Every Vow You Break(2)



Twelve hours later there was no reply.

She told herself that was the last she’d hear from the stranger she’d slept with on her bachelorette weekend.



“How many men have you slept with?”

“Excuse me?” she said. “That’s none of your business.”

“But it’s part of what we’re talking about, right?” he asked, leaning back slightly, reaching for his glass of wine.

They’d been talking about marriage, or, more specifically, Abigail’s upcoming marriage—three weeks away, exactly—and how she could only admit to being ninety-nine percent sure —“ninety-nine-point-ninety-nine, really”—that she was doing the right thing.

“It’s not necessarily part of what we’re talking about,” she said, reaching for her own glass of wine, even though it was empty. He picked up the bottle to refill it.

“Well, that’s like saying that sex isn’t part of marriage,” he said.

“Have you met my parents?” she said. It was more of a joke than an actual observation. Her parents were separated; their version of a separation, anyway, which meant that her dad had moved into the small studio apartment above the garage.

“My guess is you have very little idea about what your parents get up to, or don’t get up to, in the bedroom.”

He’d filled her glass too high, but the wine—a Pinot Noir—was delicious, and she took a long swallow. Slow down, she told herself, although she was also telling herself that it was a bachelorette party (it was her bachelorette party) and even though all her friends had disappeared somewhere in the haze of the previous hours, she was still entitled to drink some wine with the blue-eyed bearded guy wearing the vintage flannel shirt and the wedding ring. He was very Californian, she thought, with his bright white teeth, and some kind of braided leather bracelet with a green stone pendant, but she wasn’t holding that against him. They were in California, after all, on a terraced patio surrounded by an olive grove. Abigail moved her Adirondack chair a little closer to the dying fire.

“That’s probably for the best,” she said.

“What is?”

“Not knowing what my parents get up to in the bedroom.”

The man said, “That’s a good idea.” Abigail didn’t know exactly what he was talking about but then he stood, lifted his own chair, and moved it closer to the firepit. “We’re the only ones left out here,” he said.

“You’re just noticing that now?” she said.

“I can’t take my eyes off of you,” he said, but in a mocking tone.

“I don’t even know your name, do I?” Abigail said, worried, as soon as she’d said it, that he’d already told her.

“If I tell you, will you answer a question?”

“Sure. Why not?”

“You already know the question.”

“How many men have I slept with?”

“Right. How many men have you slept with?”





CHAPTER 2

Abigail Baskin lost her virginity to a visiting actor at her parents’

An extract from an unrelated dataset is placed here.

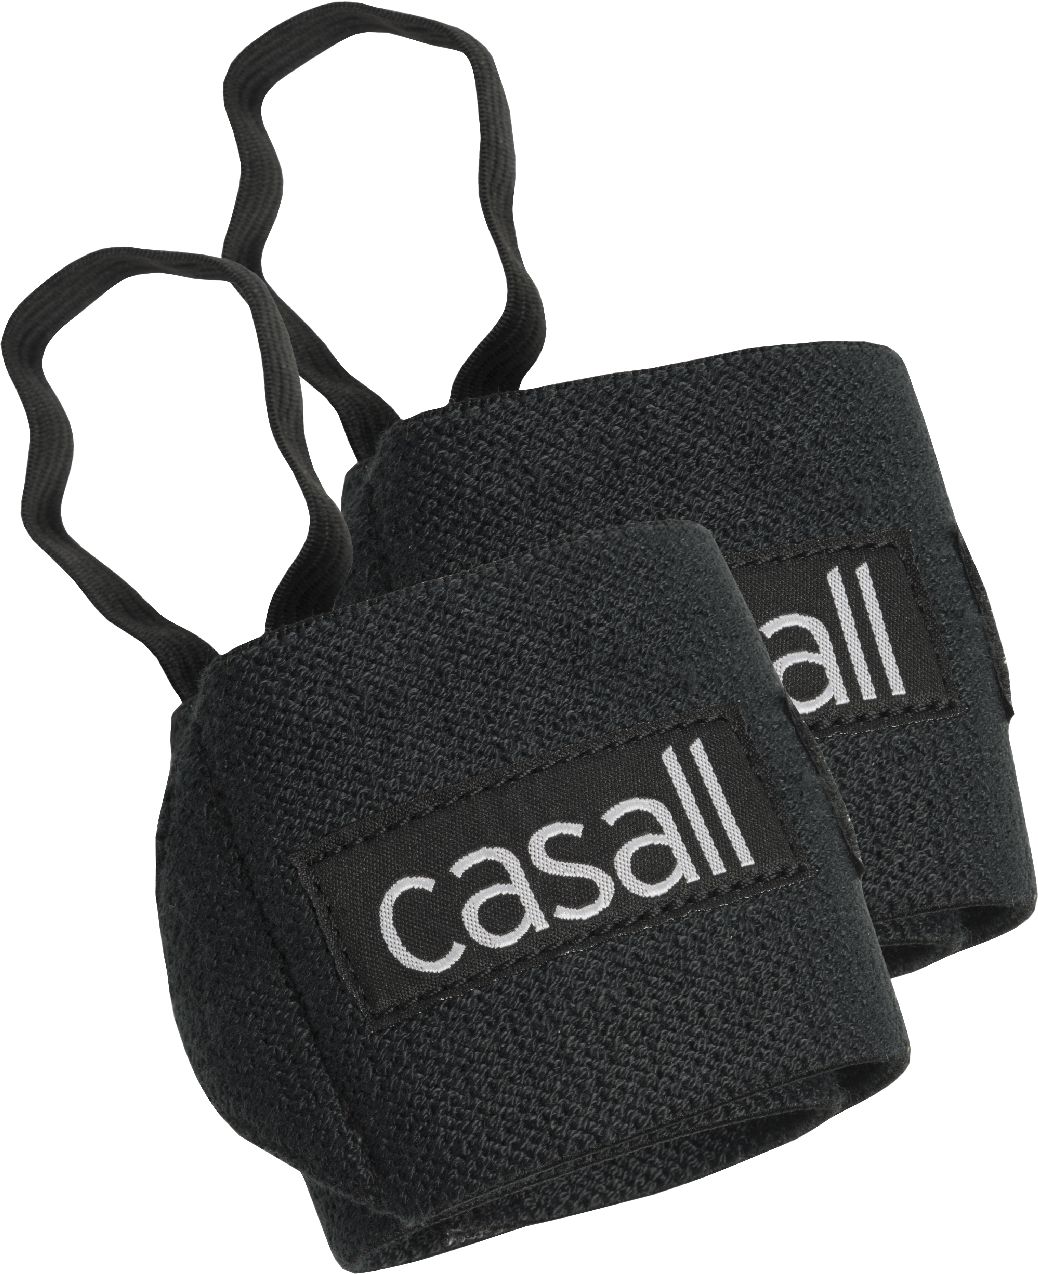 CASALL, WRIST SUPPORTS

summer theater in Boxgrove, a small town in western Massachusetts. She was seventeen years old, and the actor said that he was twenty-two. A few years later, however, she’d looked him up on IMDb after he’d gotten a couple of small roles on television, and discovered that he’d probably been closer to twenty-six. Not that it mattered much. She’d been ready, and he’d been beautiful.

In fact, the moment that she’d seen him she knew that her longtime plans to lose her virginity to Todd Heron were out the window. She and Todd had been together since they were both fourteen years old, and Abigail had read enough adult contemporary fiction to know that Todd and she had already settled into a teenage version of a passionless marriage. They were best friends, made each other laugh, and had steadily progressed from a year of kissing to the occasional bout of sexual activity that included the proverbial “everything but.” These bouts usually ended in a conversation in which both parties agreed that the timing wasn’t right, or that the location, usually Todd’s parents’

semifinished basement, wasn’t, or that it wasn’t romantic enough.

They began to plan scenarios in which they could each lose their virginity in an actual bed, and with the opportunity to fall asleep together afterward, no parents around. But Todd’s parents, his dad the chief of Boxgrove’s rarely used fire department, his mom a bookkeeper at the Congregational church, were never not around.

And Abigail’s parents, who ran the Boxgrove Summer Theatre, were always around as well, working constantly, even during the months when there were no productions. They said they didn’t have the time to travel, but Abigail had begun to suspect that they also didn’t have the money.

The summer that Abigail turned seventeen she and Todd had resigned themselves to the status quo, Todd working long hours— early mornings—at the local golf course, and Abigail working long hours—the evening ones—as a hostess at the Boxgrove Inn. Their relationship became a series of texts in the rare hours they were both free. And when Abigail wasn’t hostessing, she was helping out, as she always did, at her parents’ theater. Lawrence and Amelia Baskin were putting on five productions that summer, up from their usual three, including a revival of Ira Levin’s Deathtrap.